The influence of pressure on incipient fluidisation (minimum fluidisation velocity, bed voidage, minimum bubbling velocity, complete fluidisation velocity) is very important in order to understand pressurised fluidisation. The prediction of these parameters is not easy, especially if the bed is operated at pressure and at high temperature simultaneously.

A number of runs were performed to study the hydrodynamic behaviour of the system. The hydrodynamical tests showed that the minimum fluidisation velocity was significantly influenced by pressure in the case of large particles, although this effect decreases for smaller particles. The trend observed for the bed expansion indicates that this was not affected by pressure, but the voidage at incipient fluidisation was influenced by pressure.

The influence of diverse operating variables (temperature, coal mass, particle diameter and gas flow rate) on the pyrolysis reaction was studied using a thermogravimetric analyser. The procedure followed in all the experimental tests was the following:
isothermal conditions (at room temperature) for 10 s;
increase from room temperature to reaction temperature at a heating rate of 99.9 C/minute;
isothermal conditions at reaction temperature for 900 s;
cooling from this temperature to room temperature;
isothermal conditions at room temperature for 60 s.

The samples used in each test had been previously treated to eliminate the moisture in the coal; this treatment was performed keeping by them in a dry air environment at 110 C.

As the pyrolysis is a decomposition reaction, and essentially dependent on temperature, it was observed that the nitrogen flow rate has no appreciable influence on the process.

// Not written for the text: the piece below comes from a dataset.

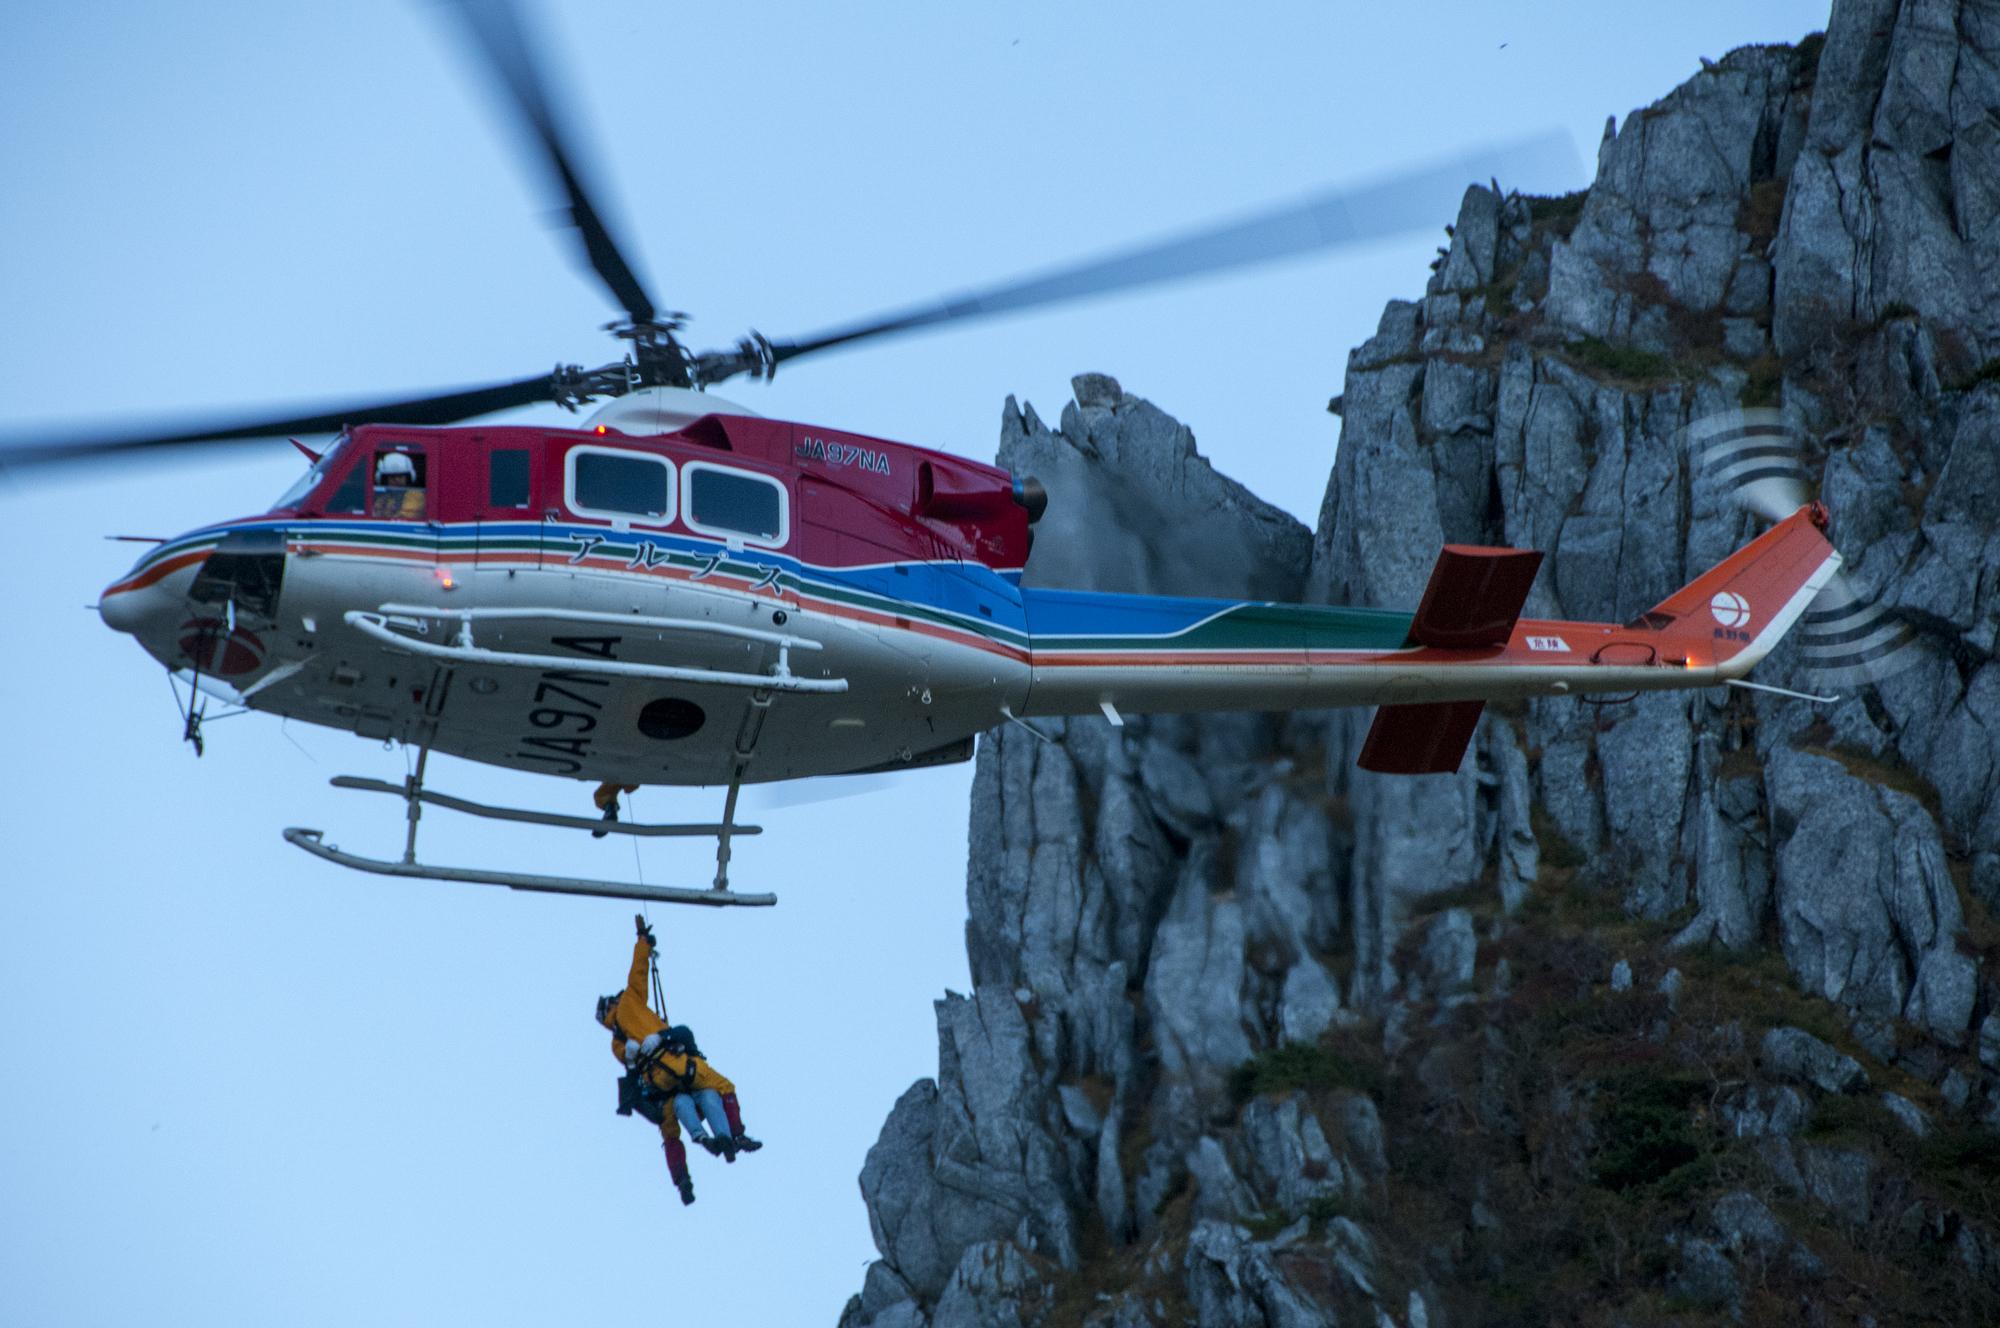 山岳遭難は誰にでも起こり得る!遭難を防ぐために事前に準備できること

The results showed that particle size is affected the pyrolysis behaviour. In the small particles the heating is very fast and no temperature gradient is detected; therefore, in the heating step there is a considerable loss of mass, and when the final pyrolysis temperature is reached the remaining mass to be lost is relatively small. In the case of larger particles, there is a temperature gradient inside the particle during heating, and therefore the mass loss during this step is small. When the external layers of the particle reach the pyrolysis temperature, the rate at which mass is lost is very large; the amount of mass lost in this second step is also very large, although it takes place later due to the slower heating.
It was shown that for large particle diameters the pyrolysis is faster, but the time needed to start is longer than for small particles.
The data obtained (at different operating temperatures and particle sizes) were then used to develop a mathematical model of this process.

The kinetic study achieved in a thermogravimetric analyser s howed that coal pyrolysis takes place through 3 groups of chemical reactions; this is not always evident due to an overlapping caused by high heating rates.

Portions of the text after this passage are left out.